WHAT TO PRODUCE | When you restate the data, keep every word as it is and drop the images.

== INFORMATION SHOWN

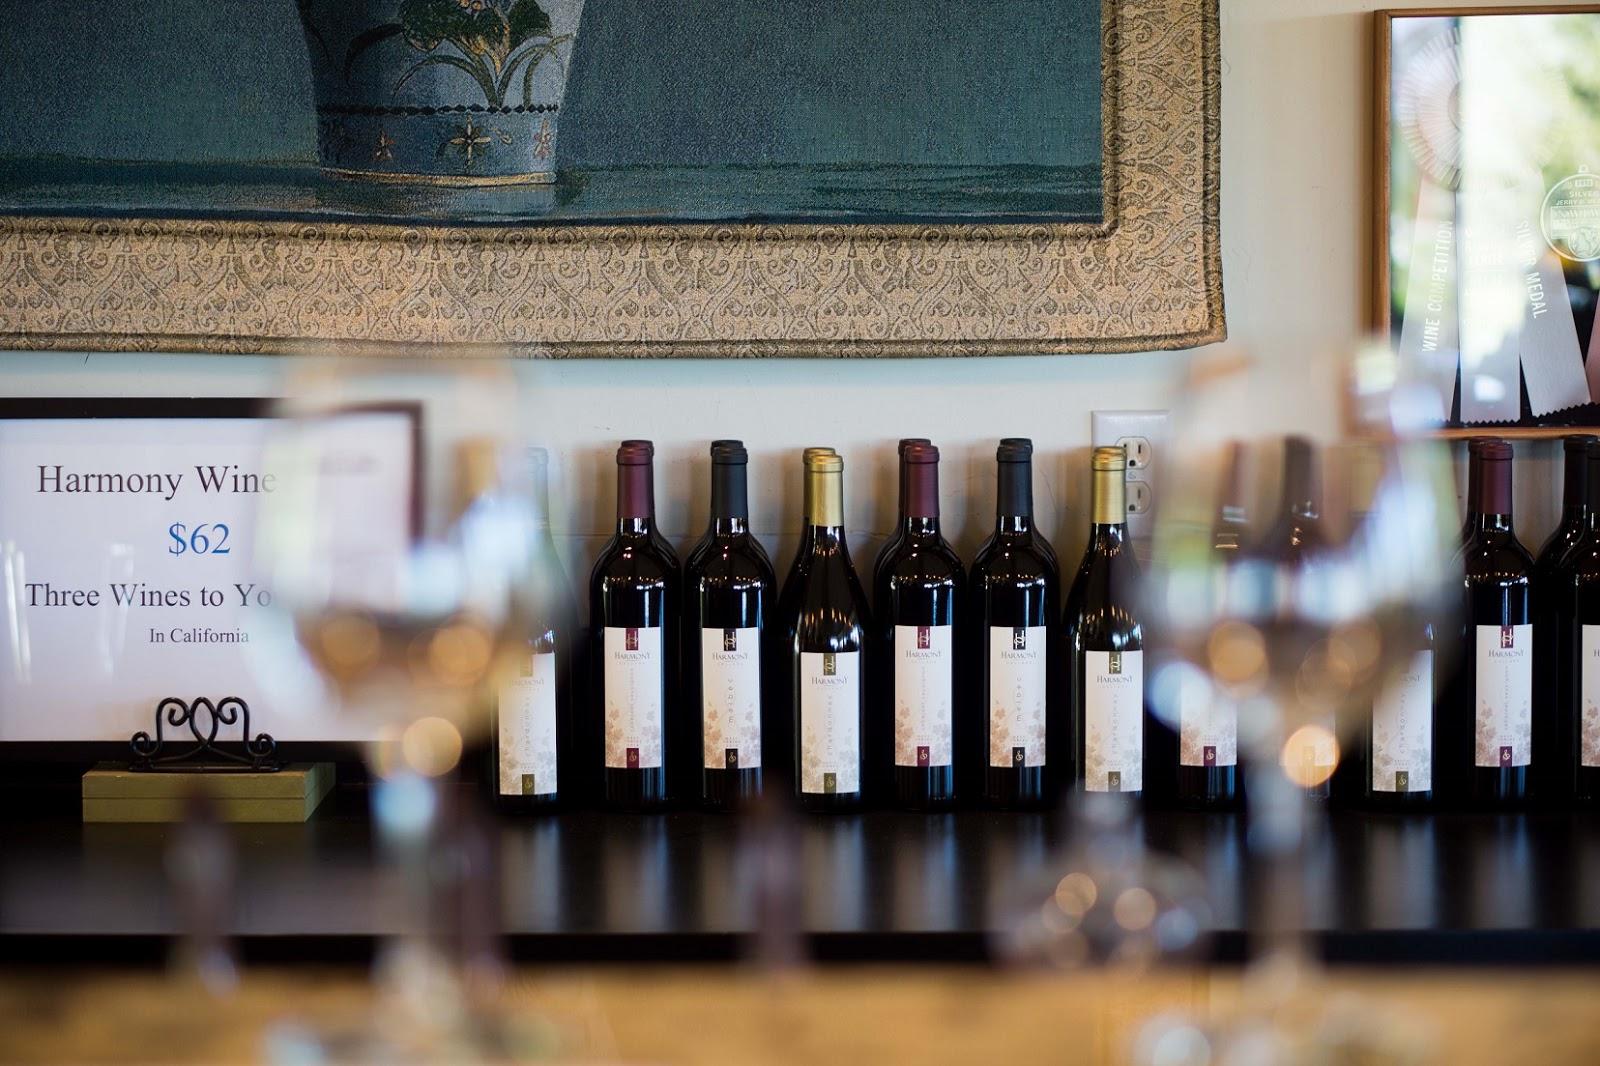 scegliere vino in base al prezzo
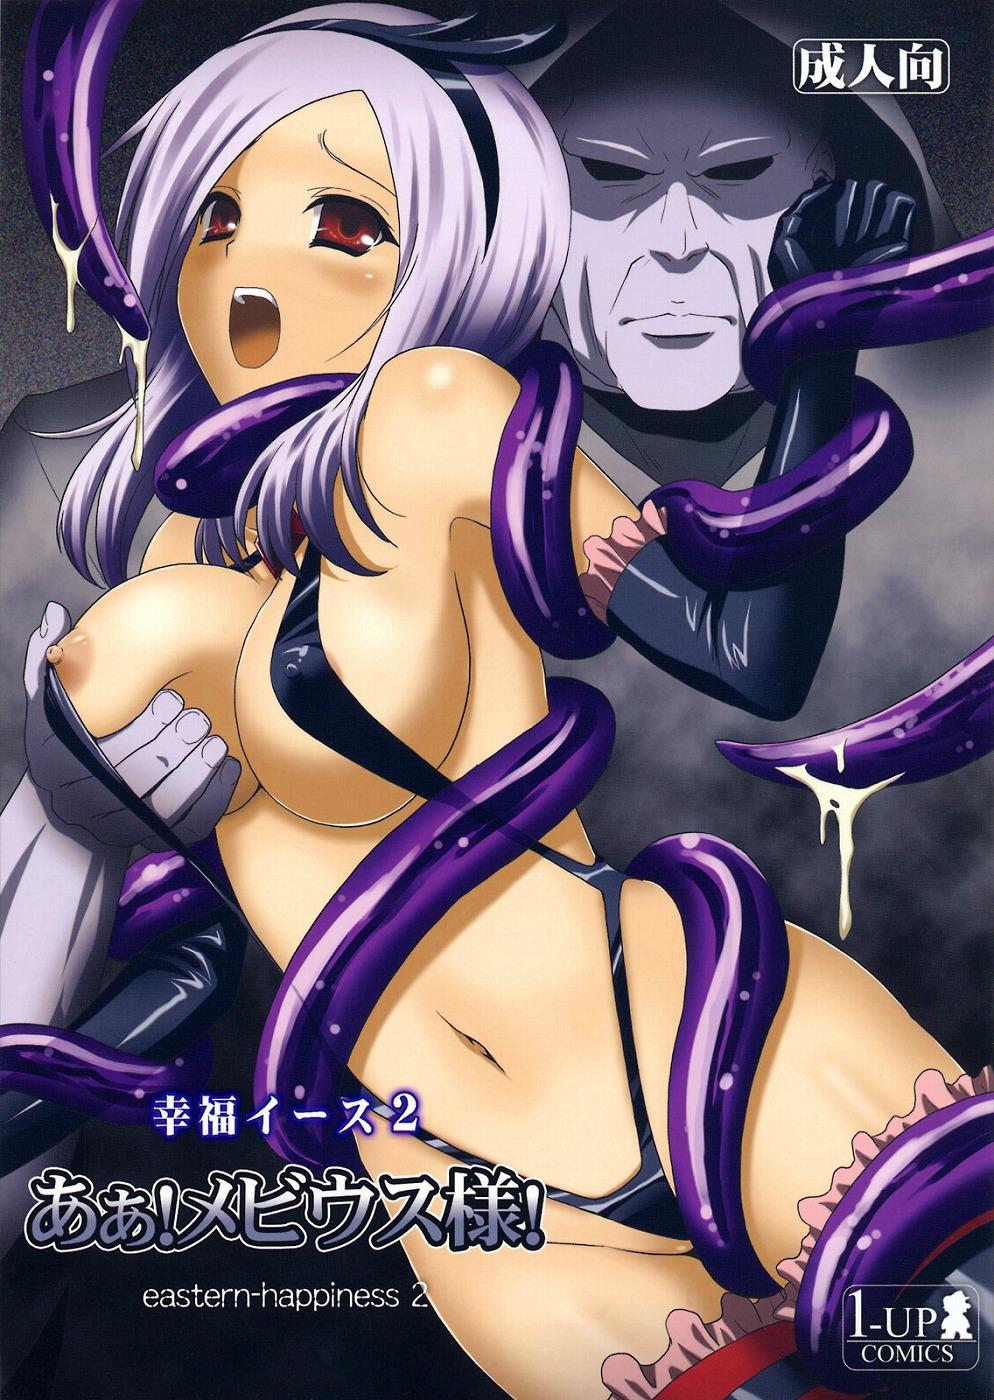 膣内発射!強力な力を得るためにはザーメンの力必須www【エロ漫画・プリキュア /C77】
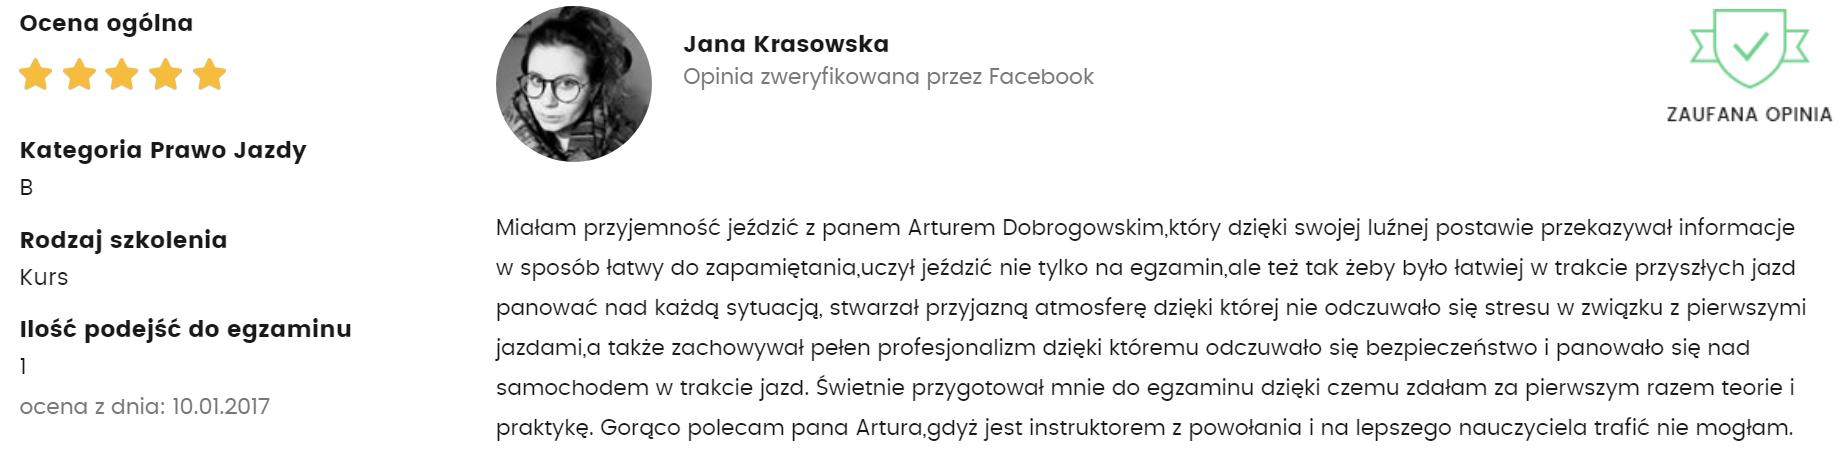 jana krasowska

====

SOLUTION BELOW |
 scegliere vino in base al prezzo
 膣内発射!強力な力を得るためにはザーメンの力必須www【エロ漫画・プリキュア /C77】
 jana krasowska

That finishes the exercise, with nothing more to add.